- Born: c. 1594 Topkapı Palace, Constantinople, Ottoman Empire
- Died: 16 November 1678 (aged 83–84) Constantinople, Ottoman Empire (present day Istanbul, Turkey)
- Burial: Murad III Mausoleum, Hagia Sophia Mosque
- Spouse: Çuhadar Ahmed Pasha ​ ​(m. 1604; died 1618)​ Sofu Bayram Pasha ​ ​(m. 1618; died 1632)​ Deli Dilaver Pasha ​ ​(m. 1633; died 1668)​
- Dynasty: Ottoman
- Father: Murad III
- Religion: Sunni Islam

= Fahriye Sultan =

Ottoman princess

Fahriye Sultan (Ottoman Turkish: فخری سلطان, also Fahri Sultan; c. 1594 – 16 November 1678), was an Ottoman princess, daughter of Sultan Murad III (reign 1574–1595) of the Ottoman Empire.

== Biography ==
Fahriye Sultan was born around 1594. She couldn't be the daughter of Safiye Sultan - the Haseki Sultan of Sultan Murad III - as in a document dated to 1073 AH (1662), it is mentioned that she was full-sister of Sehime Sultan, another daughter of the Sultan. Their mother being the same unknown woman, she is referred to as Fülane.

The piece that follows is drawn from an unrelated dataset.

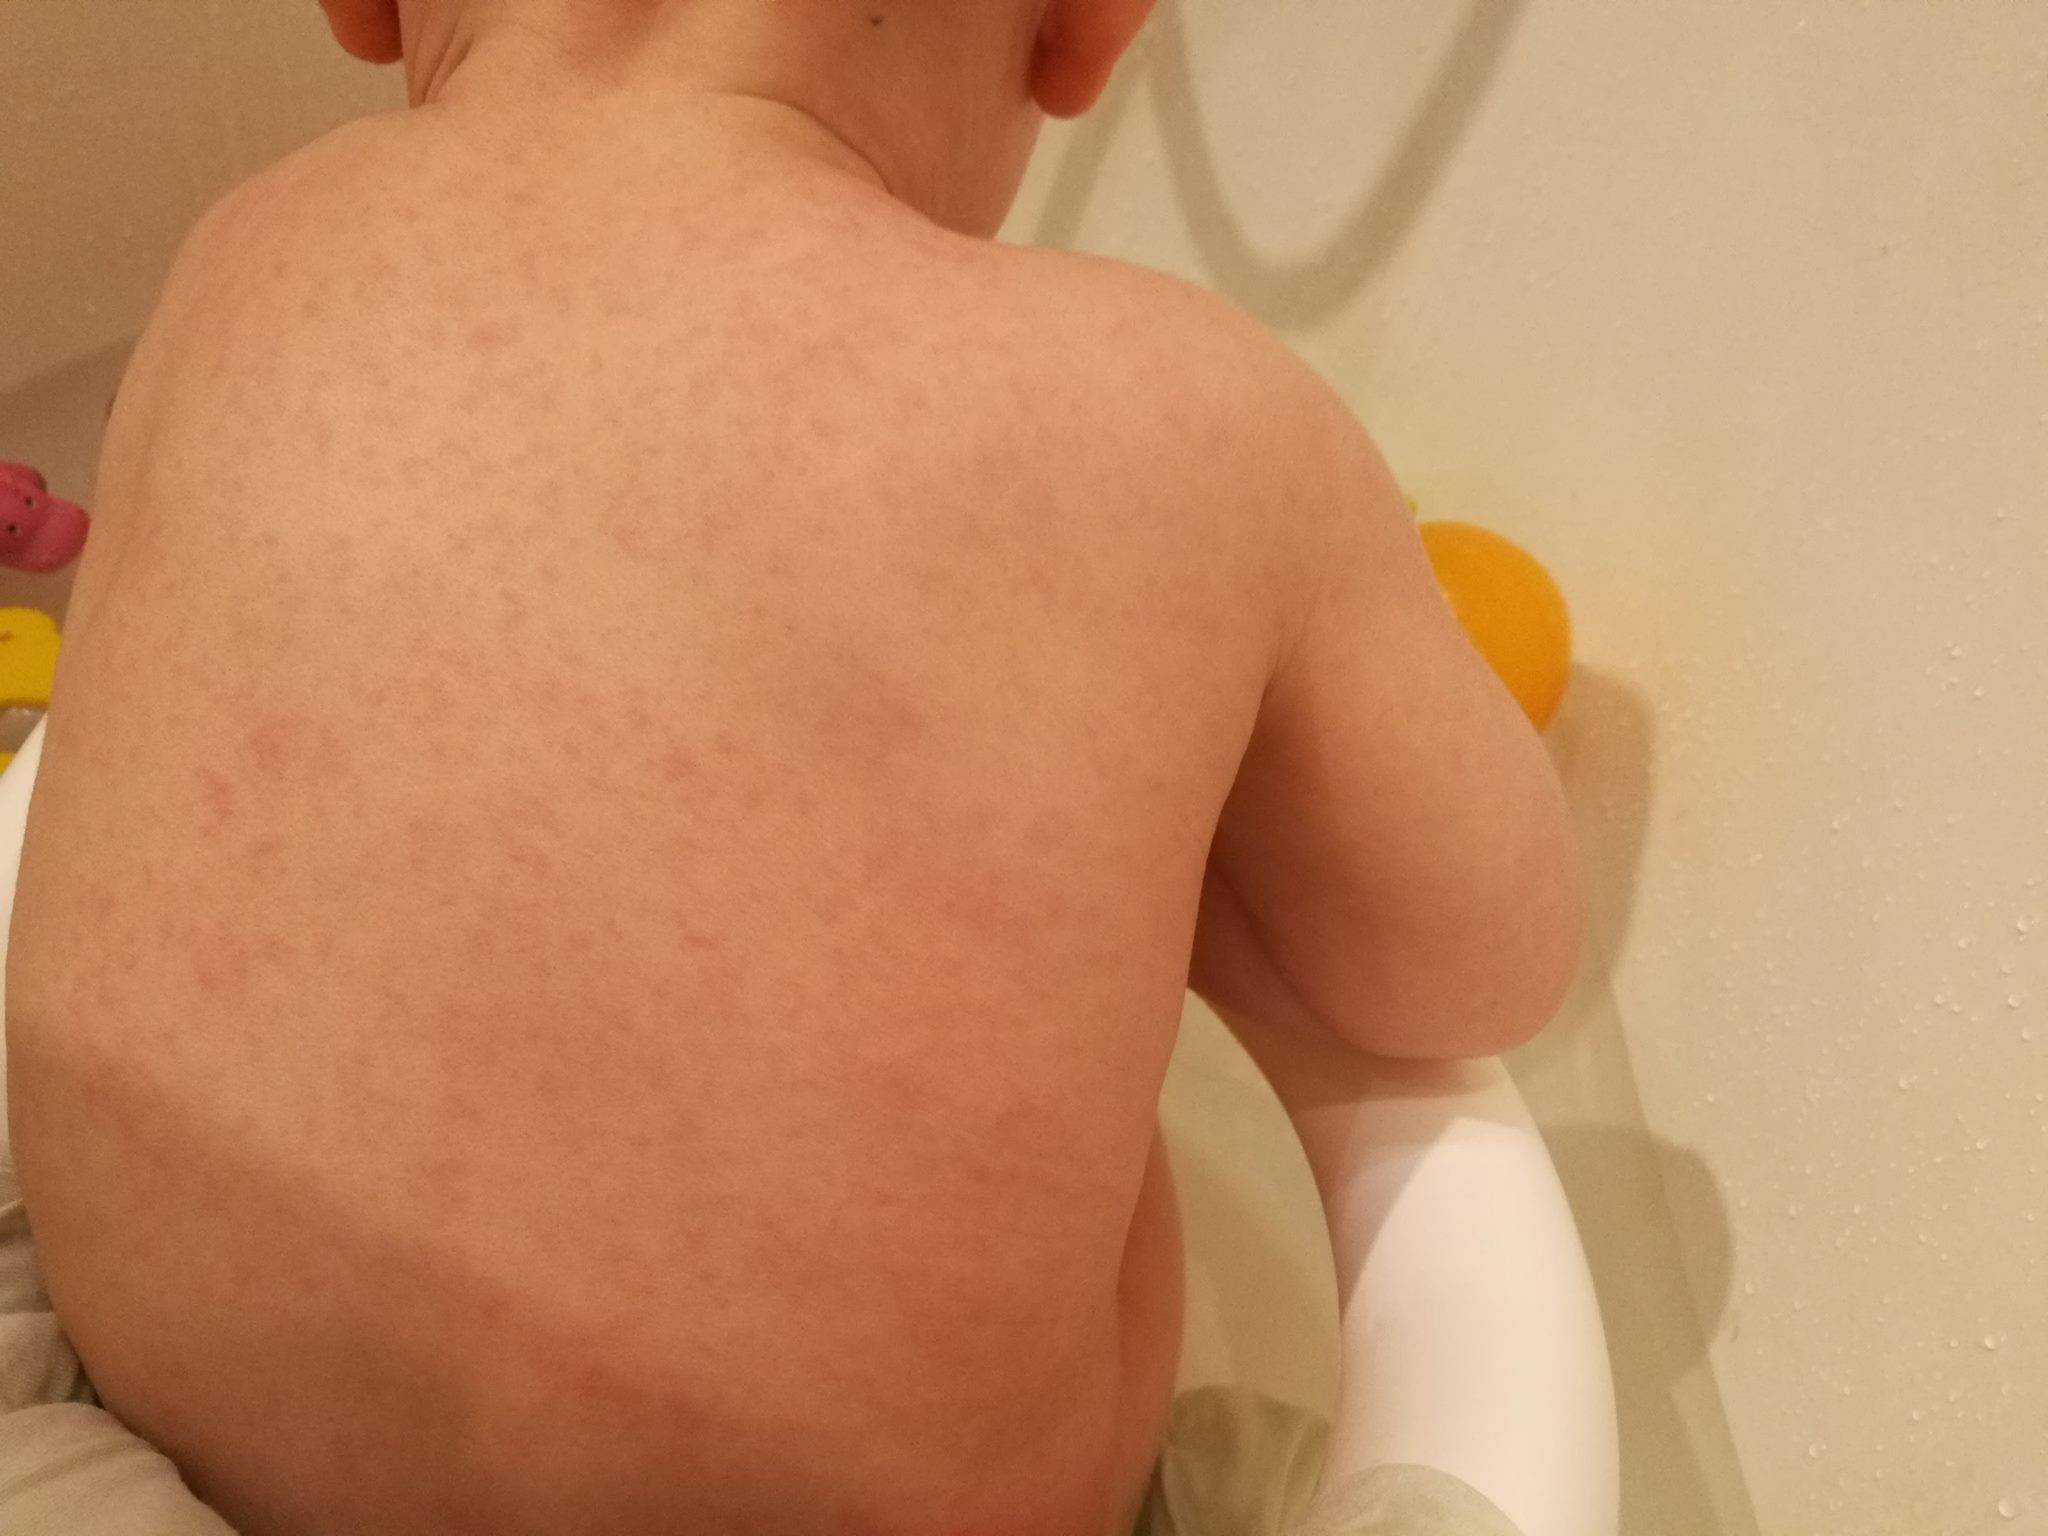 Сыпь на теле у ребенка (64 фото): причины высыпаний по всему телу с пояснениями, бесцветная сыпь после температуры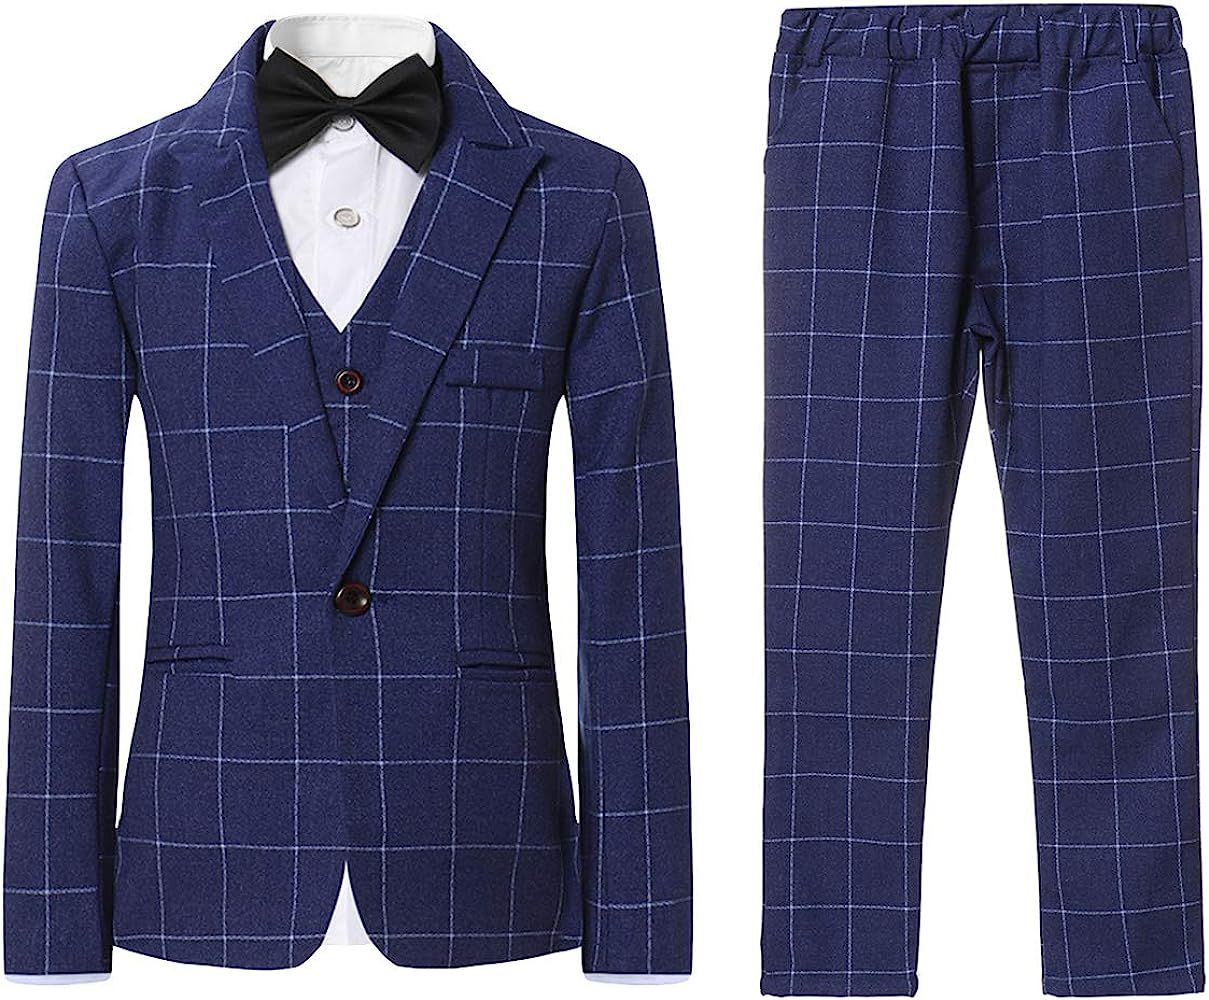 SWOTGdoby Boys Plaid Suits 3 Pieces Suit Set Blazer Vest Pants Formal 7 Colors for Wedding Party | Amazon (US)

In 1595 her father died and her brother, Mehmed III ascended to the throne. In 1603 her brother died and her thirteen-year-old nephew, Ahmed I, ascended to the throne. Ahmed married Fahriye to Çuhadar Ahmed Pasha in 1604. The marriage remained childless and the pasha died in 1618. When Osman II deposed Mustafa I, Fahriye lived in the palace and received the same salary as other members of the dynasty. Her second husband was Sofu Bayram Pasha, whom she married in 1618 and was widowed at his death in 1632. Her third husband was Deli Dilaver Pasha.

During the reign of sultan Murad IV, her stipend was 430 aspers a day. She is known to receive gifts from the Ragusans from the 1640s all up until the 1670s. However, once she was deliberately overlooked for reasons unknown, likely driven by a reduction in public spending. After waiting for a year, she instructed her kethüda to inquire with the ambassadors why their predecessors had not provided her the privileges she was entitled to. When the ambassadors showed no inclination to rectify the situation, she sought the intervention of the grand vizier, sending a copy to Caboga, the Ragusan ambassador. The outcome remains uncertain.

She died on 16 November 1678 in Constantinople.

== In popular culture ==
In the 2015 TV series Muhteşem Yüzyıl: Kösem, Fahriye Sultan is portrayed by Turkish actress Gülcan Arslan.